Goodenia coronopifolia

Scientific classification
- Kingdom: Plantae
- Clade: Tracheophytes
- Clade: Angiosperms
- Clade: Eudicots
- Clade: Asterids
- Order: Asterales
- Family: Goodeniaceae
- Genus: Goodenia
- Species: G. coronopifolia
- Binomial name: Goodenia coronopifolia R.Br.

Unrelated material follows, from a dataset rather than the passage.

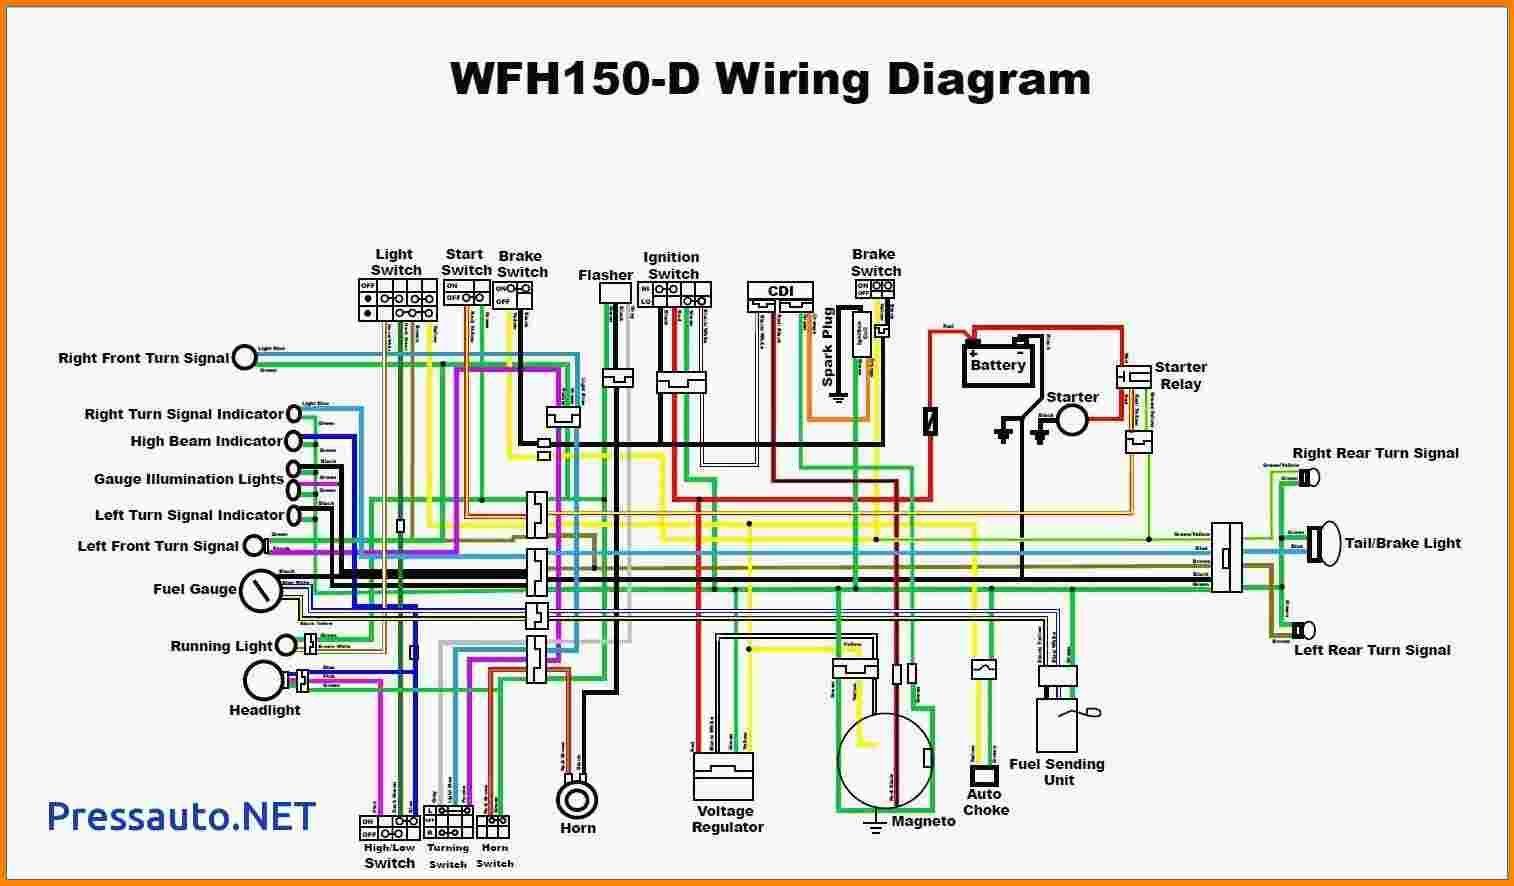 Chinese Atv Cdi Wiring Diagram - Wiring Diagram Sourcesavemoney.gg

= Goodenia coronopifolia =

- Genus: Goodenia
- Species: coronopifolia
- Authority: R.Br.

Species of plant

Goodenia coronopifolia is a species of flowering plant in the family Goodeniaceae and is endemic to north-western Australia. It is a herb with mostly linear leaves, those at the base of the plant divided with narrow segments, racemes of yellow flowers with brownish-purple markings, and more or less spherical fruit.

==Description==
Goodenia coronopifolia is a prostrate or ascending, often glabrous herb with stems 5–40 cm long. The leaves at the base of the plant are 20–100 mm long and 1–10 mm wide, linear to oblong and toothed or divided, but the leaves on the stem are linear with smooth edges. The flowers are arranged in racemes up to 300 mm long with leaf-like bracts at the base, each flower on a pedicel 10–30 mm long. The sepals are lance-shaped to oblong, 1–2 mm long and the petals yellow with brownish-purple marking and 5–9 mm long. The lower lobes of the corolla are 2–3 mm long with wings about 0.5 mm wide. Flowering mainly occurs from May to October and the fruit is a more or less spherical capsule about 4 mm in diameter.

==Taxonomy and naming==
Goodenia coronopifolia was first formally described in 1810 by Robert Brown in Prodromus Florae Novae Hollandiae et Insulae Van Diemen. The specific epithet (coronopifolia) means "Coronopus-leaved".

==Distribution==
This species of Goodenia grows in northern parts of the Northern Territory and Western Australia.

==Conservation status==
Goodenia coronopifolia is classified as "not threatened" by the Western Australian Government Department of Parks and Wildlife and as of "least concern" under the Northern Territory Government Territory Parks and Wildlife Conservation Act 1976.